Seafood gyozas from Casa mr.

ito

With just a few days of filming, Casa sr.

Ito is presented as a space with the soul of a tavern and a cheeky spirit, fun and with fusion as its flag.

Like the rest of the family Mr.

Ito, there is no single label that defines it, they prefer to

mix touches of traditional Japanese cuisine with the most cañí

, but also Castilian and Andalusian.

Located at number 6 Marqués de Riscal street -opposite Asiako, also from the group-, the new project by Iban González -at the head of the room- and chef Sergio Monterde tastes like fried foods, pickles and sandwiches with their own style, yes indeed.

The gilda with anchovy vinaigrette, pickled onion in Modena vinegar and seaweed and the salad with spider crab, pickles and kimchi accompanied by prawn bread are postulated as house hits.

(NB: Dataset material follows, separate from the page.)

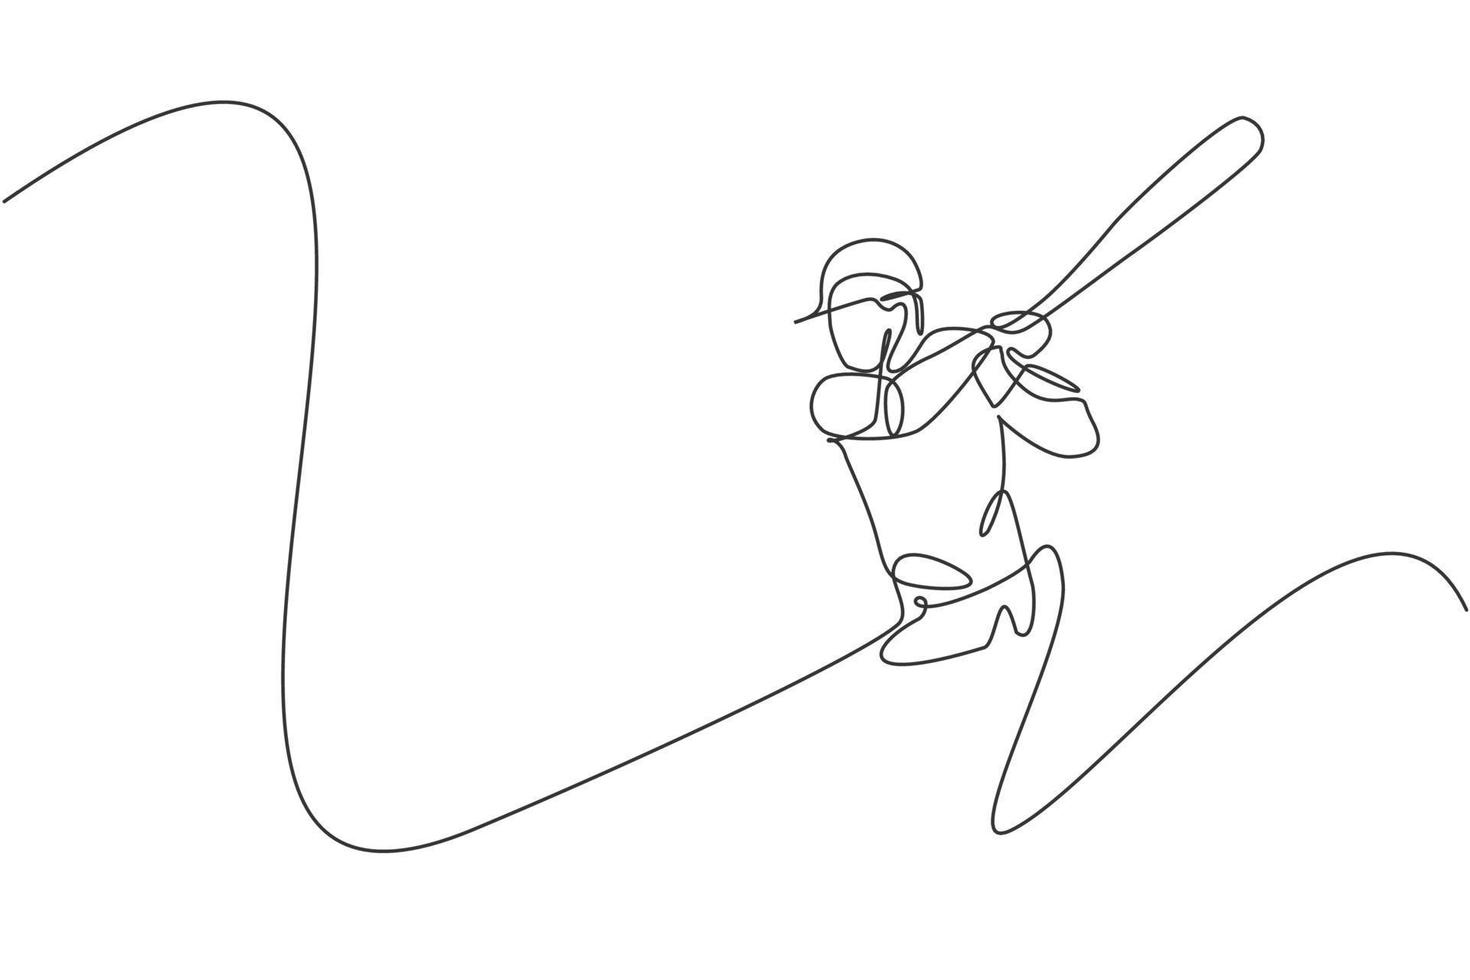 un dibujo de línea continua de un joven jugador de béisbol deportivo que hace ejercicio para golpear la pelota. concepto de deporte competitivo. ilustración gráfica de vector de diseño de dibujo de línea única dinámica para cartel de promoción

The traditional wink can also be seen in the baos, of squid and torreznos.

The katsu sando with pork ribs and the cooked gyozas and oxtail are essential.

Dry cheek ramen from Ikigai Velázquez.

From Chamberí to the Salamanca district, where Ikigai Velázquez (located at number 136) has just landed, the new proposal by chef Yong Wu Nagahira, who has carved out a good legion of fans who love Japanese cuisine from his Flor Baja location .

He arrives in the area with a "more democratic" proposal in economic terms (between 60 and 80 euros), with some of the iconic dishes of his first place and his appreciated nigiris, but also with new creations where the personality of the young man can be seen Chef.

With an interior design reminiscent of a New York apartment from the 1980s, his sushi bar is one of the most pleasant places on the premises.

Sushi pieces from La Madonna.

The latest to join the list is La Madonna (Diego Ayllón 12), the seventh restaurant of the Sushita group, which also opened its doors a few days ago.

On this occasion,

the tandem is made up of Italian and Japanese cuisine

.

They incorporate pizzas and carpaccios to their menu, where they also offer an attractive range of cocktails.

The decoration, coquettish and with pieces from different parts of the world, follows the pattern of the other premises.

Its atmosphere is informal and offers good value for money.